Data block:
○ ○ ○
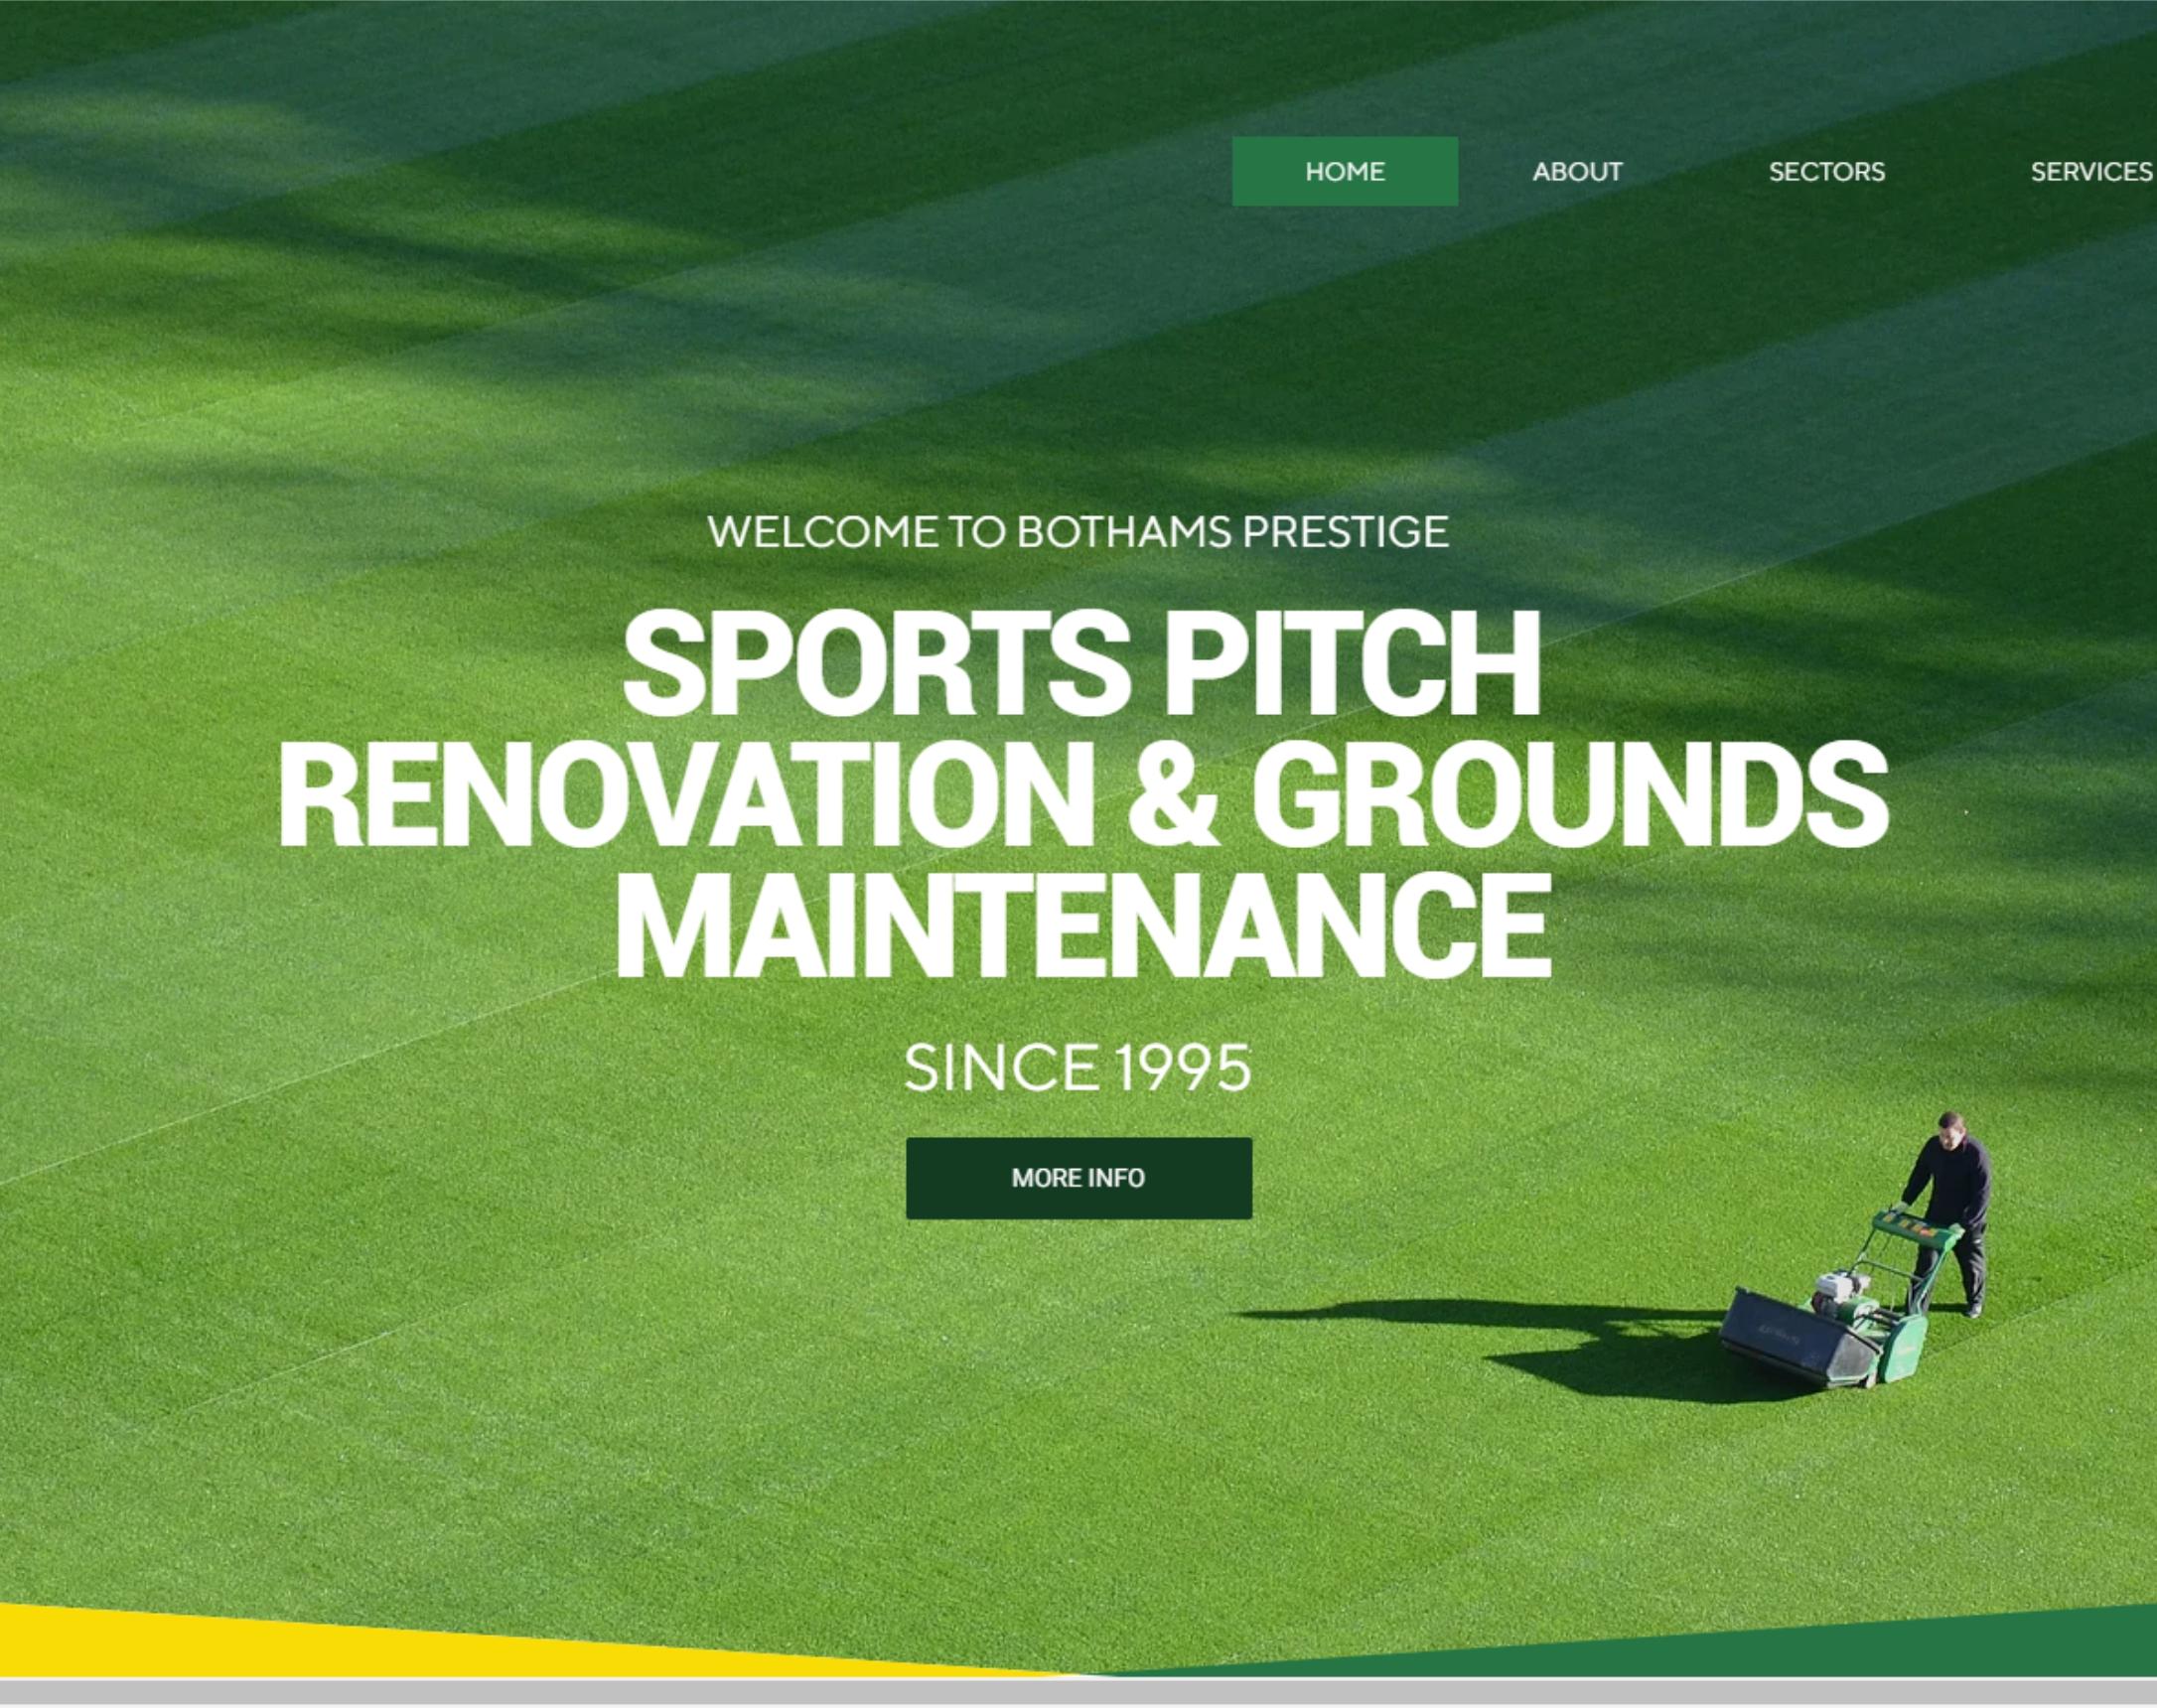 Bothams Prestige Bothams Prestige are providers of sports pitch ren...
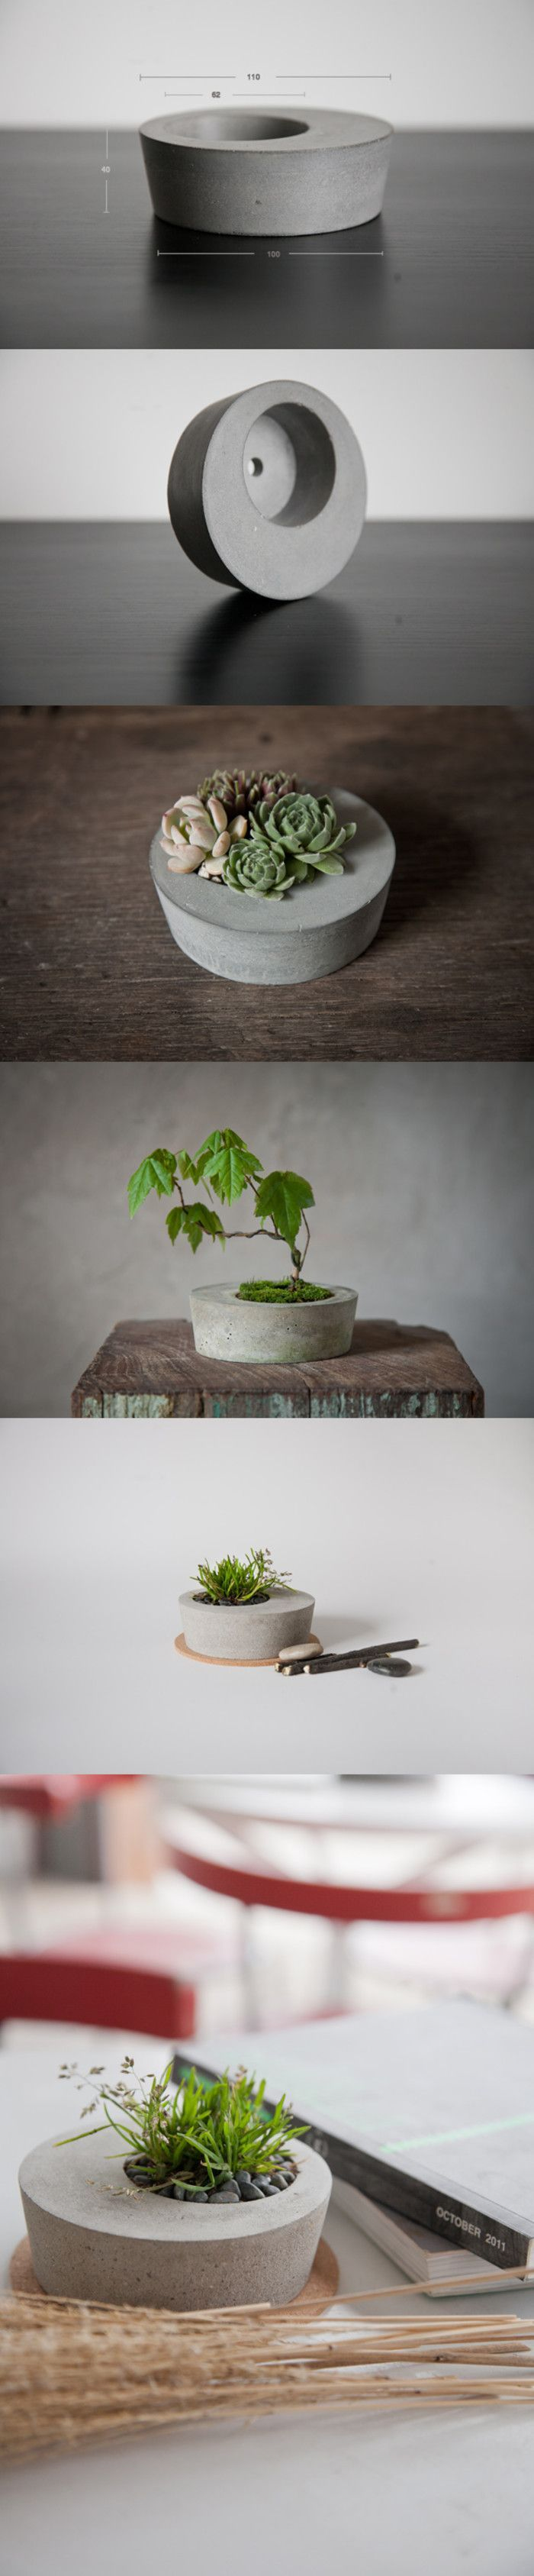 Small concrete planter concrete projects pinterest for Small concrete projects
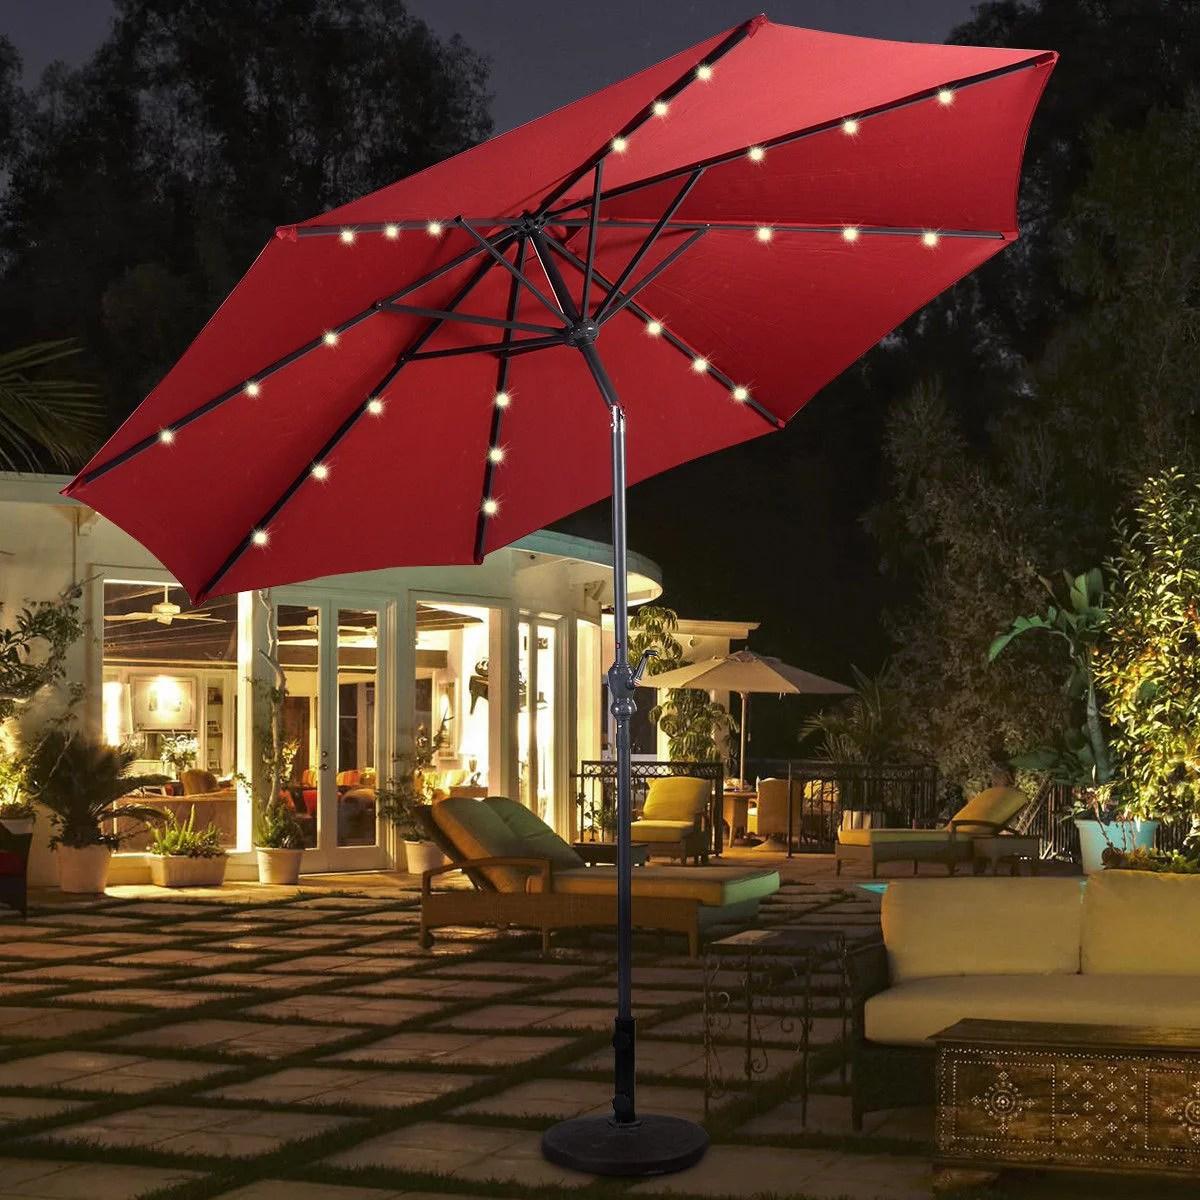 costway 10ft patio solar umbrella led patio market steel tilt w crank burgundy walmart com
○ ○ ○
What the exercise asks: Repeat the material exactly and drop each image.

The answer:
 Bothams Prestige Bothams Prestige are providers of sports pitch ren...
 Small concrete planter concrete projects pinterest for Small concrete projects
 costway 10ft patio solar umbrella led patio market steel tilt w crank burgundy walmart com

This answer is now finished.